:: Provided material ::
--- START ---

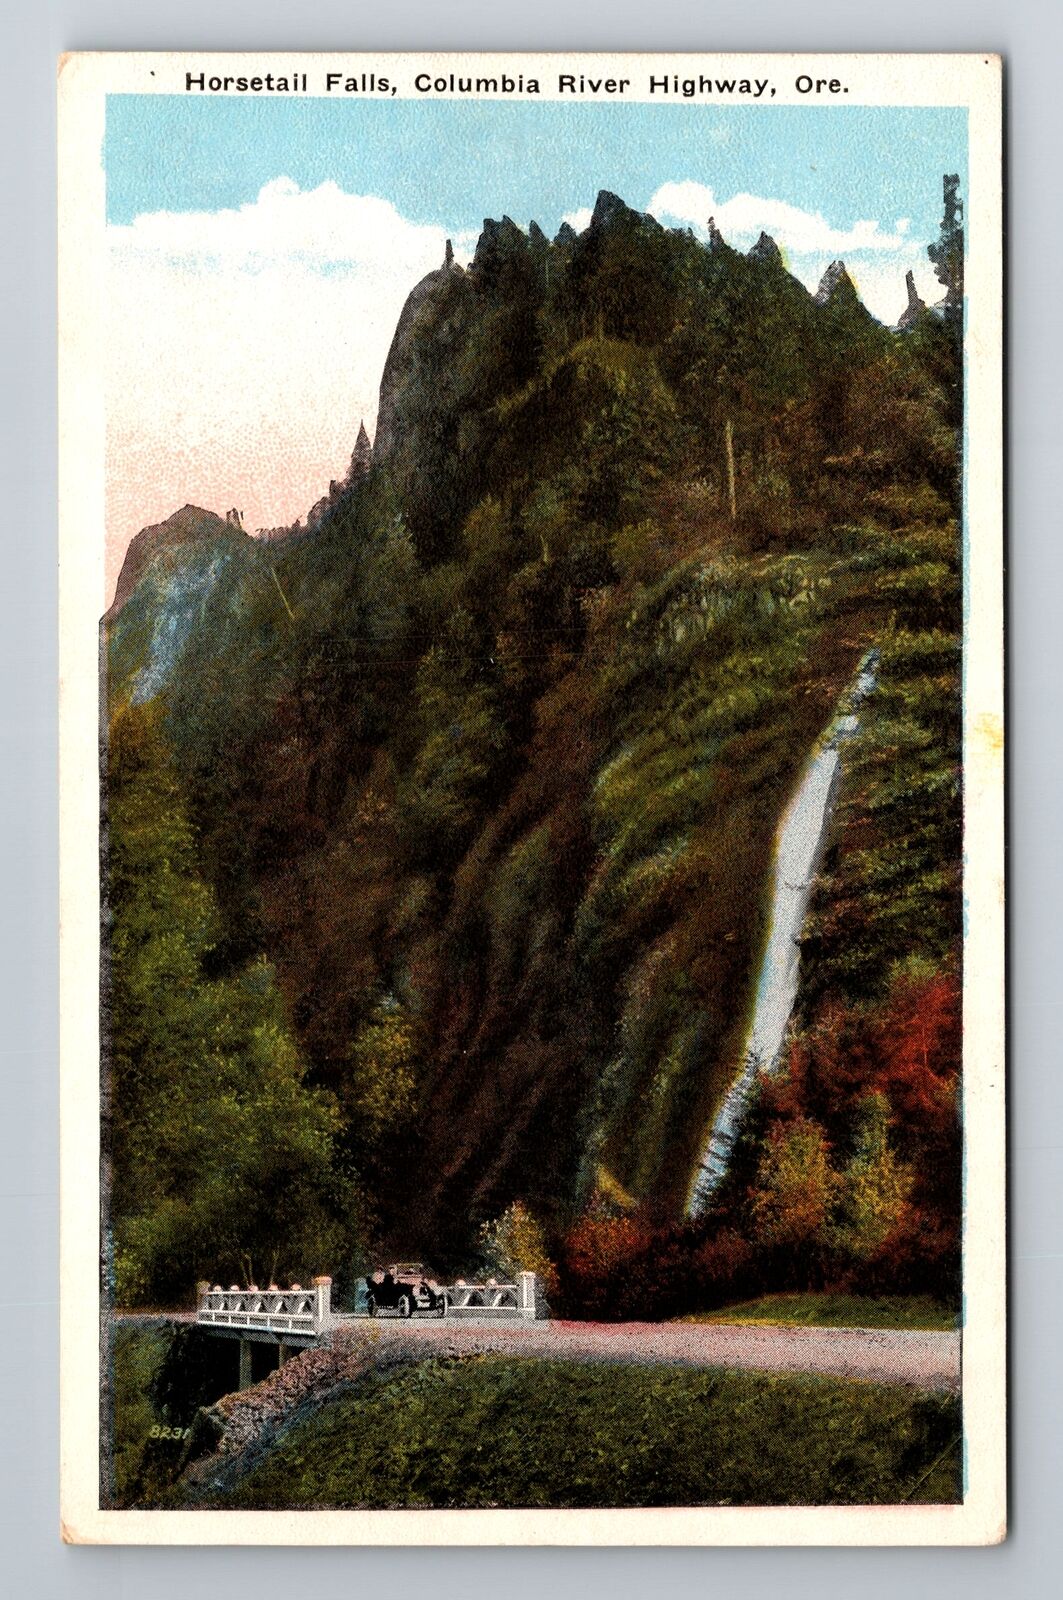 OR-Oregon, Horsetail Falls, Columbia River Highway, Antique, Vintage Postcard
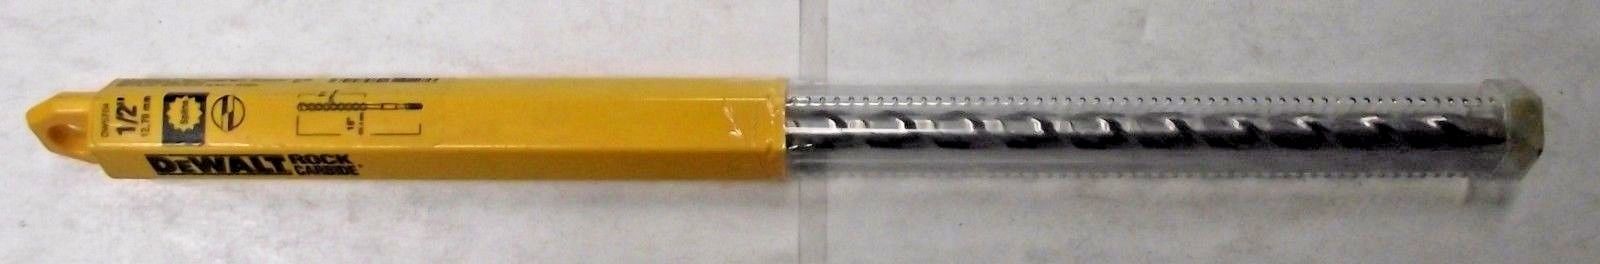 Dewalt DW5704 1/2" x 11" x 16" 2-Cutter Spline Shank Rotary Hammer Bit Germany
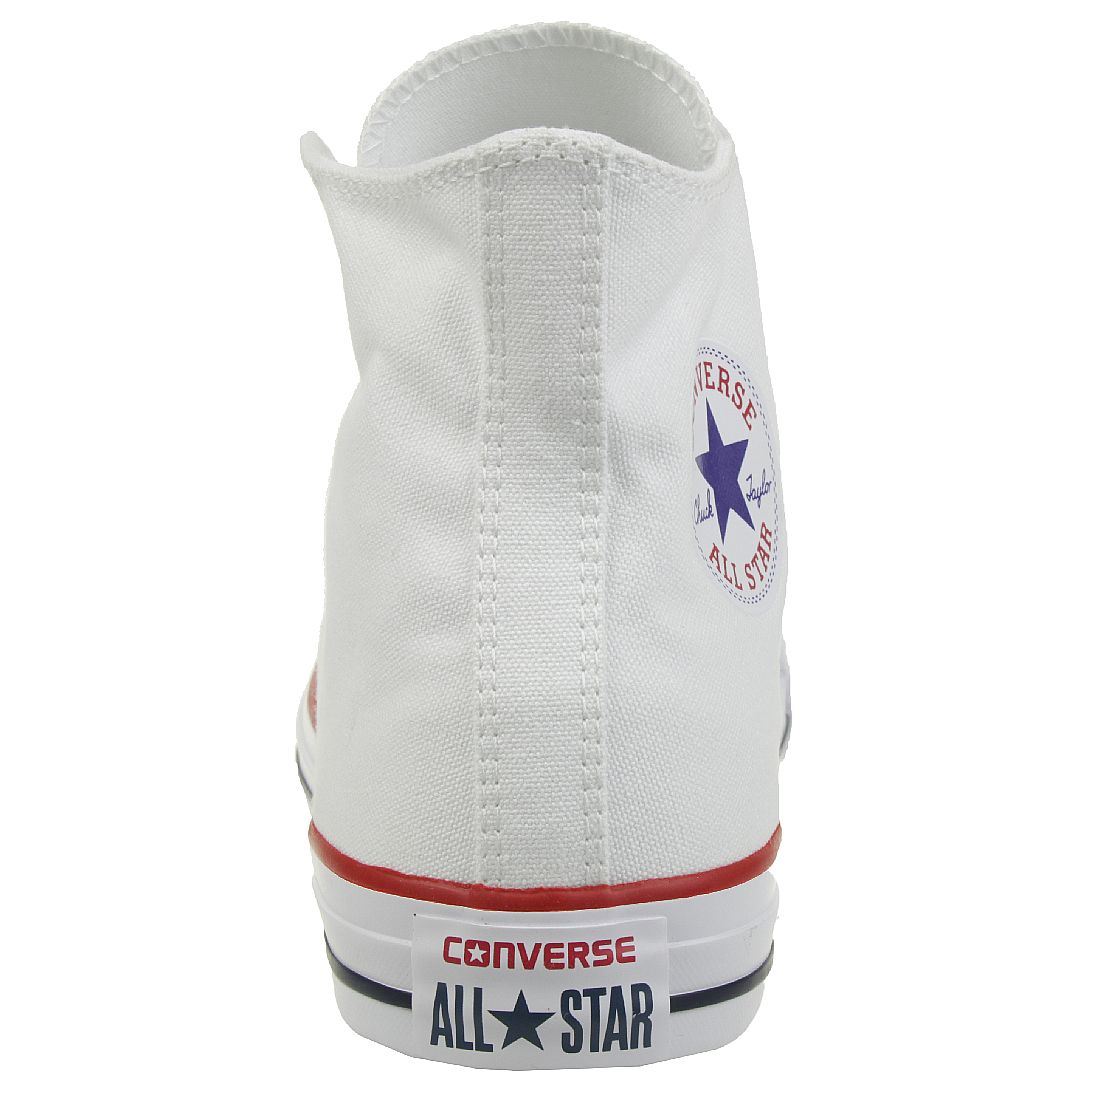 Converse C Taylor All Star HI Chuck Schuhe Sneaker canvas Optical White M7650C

--- END ---

:: Task goal ::
Omit the pictures. Transcribe word for word the lines from the one containing "Hammer Bit Germany" through the end of the listing, inclusive.

:: Task output ::
 Dewalt DW5704 1/2" x 11" x 16" 2-Cutter Spline Shank Rotary Hammer Bit Germany
 Converse C Taylor All Star HI Chuck Schuhe Sneaker canvas Optical White M7650C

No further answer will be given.